Инженер Петра Великого 2
Шрифт:
Я сделал небольшую паузу, обводя взглядом присутствующих. Некоторые из младших офицеров, стоявшие у стен, кажется, слушали с нескрываемым интересом. Их лица были не так зашорены десятилетиями привычной тактики.
— И я не просто говорю об этом, Ваше Величество, господа! Я, как мастеровой, уже думал и о том, как можно улучшить наши фузеи, помимо улучшения пружины. Да, не кардинально, не создавая чудо-оружия, сделав несколько простых, но важных усовершенствований. Например, стандартизировать калибр и улучшить качество стволов — это уже даст лучшую кучность. Установить на каждую фузею простой четкий целик вдобавок к мушке — это позволит солдату действительно целиться, а не направлять ствол в сторону неприятеля. Усовершенствовать кремневый замок, чтобы уменьшить число осечек — с этим мы уже справляемся. Сделать более удобный и надежный бумажный патрон, чтобы ускорить перезарядку — это сложно, но возможно. Все это — вполне реальные вещи,
Я перевел дух. Говорить приходилось много и быстро, стараясь не упустить ни одной мысли, ни одного контраргумента.

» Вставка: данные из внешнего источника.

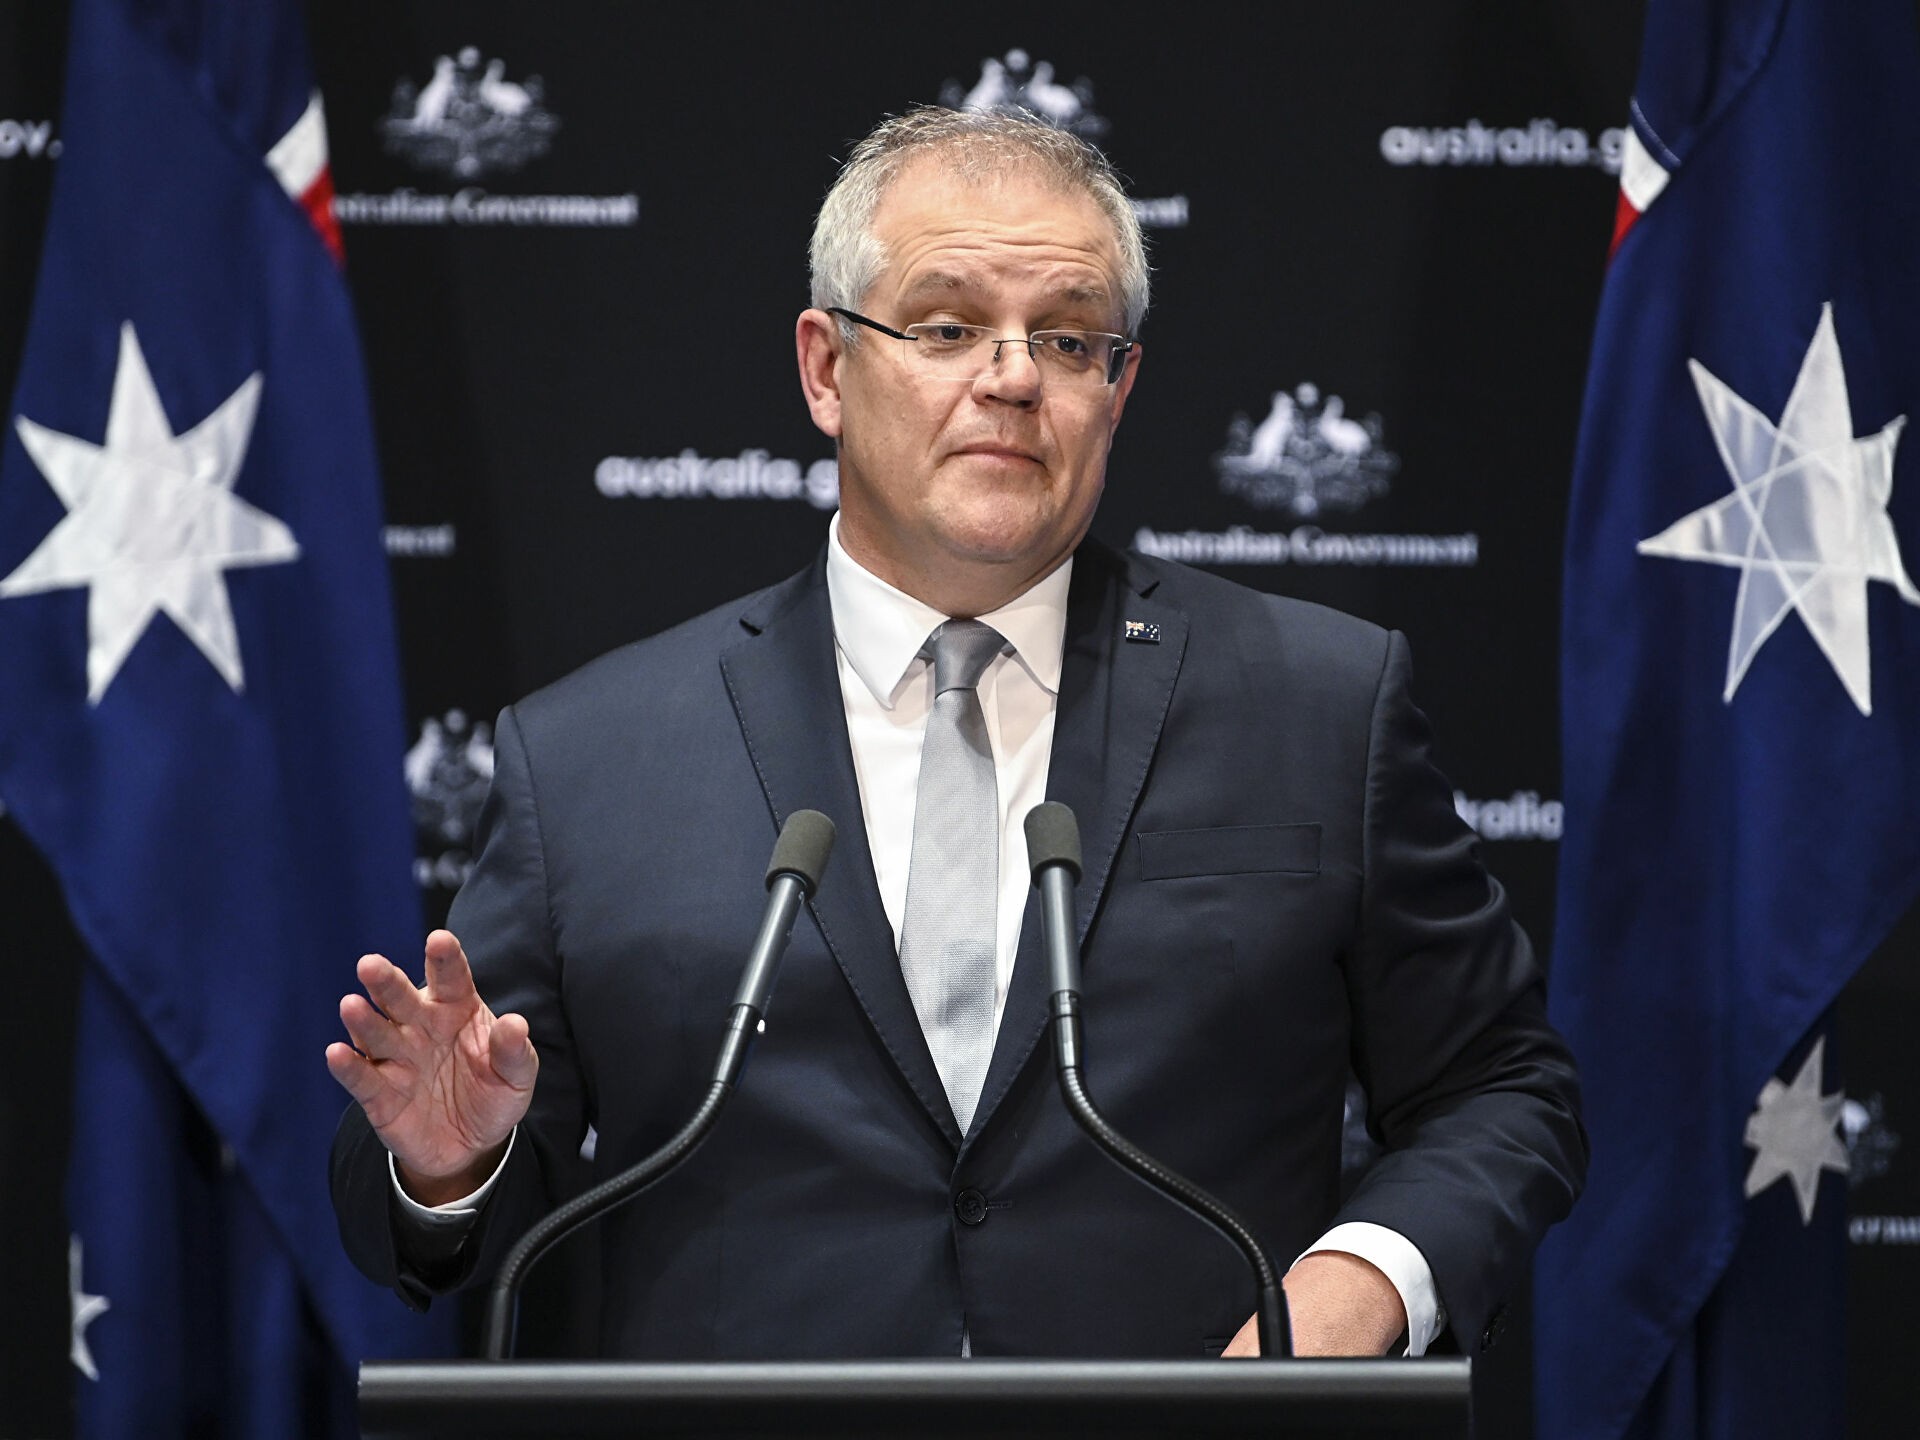 Australia xem xét sớm mở lại biên giới đón du khách quốc tế

— И последнее, что касается взаимодействия пехоты в окопах с артиллерией. Вы опасаетесь, что будет хаос, артиллеристам будет трудно указывать цели, если солдаты «по ямам рассованы». Но, господа, разве мы не используем сигналы — флажковые, горном, барабанным боем? Разве нет вестовых? Из окопов, особенно если они оборудованы наблюдательными пунктами, можно будет гораздо лучше видеть поле боя, чем из плотного строя, где обзор ограничен спинами товарищей и пороховым дымом. Командиры подразделений смогут передавать целеуказания своей артиллерии, которая, опять же, будет поддерживать их огнем, зная, что своя пехота находится в большей безопасности и сможет дольше удерживать позицию. Это не хаос, а более гибкое и осмысленное управление боем! А насчет маневрирования орудиями вдоль «рваной линии»… Так ведь орудия и не должны метаться вдоль всей линии! Они должны занимать заранее подготовленные и укрытые позиции, с хорошими секторами обстрела, поддерживая свои участки обороны. И если понадобится перебросить их — для этого существуют дороги в тылу и опять же, инженерная подготовка.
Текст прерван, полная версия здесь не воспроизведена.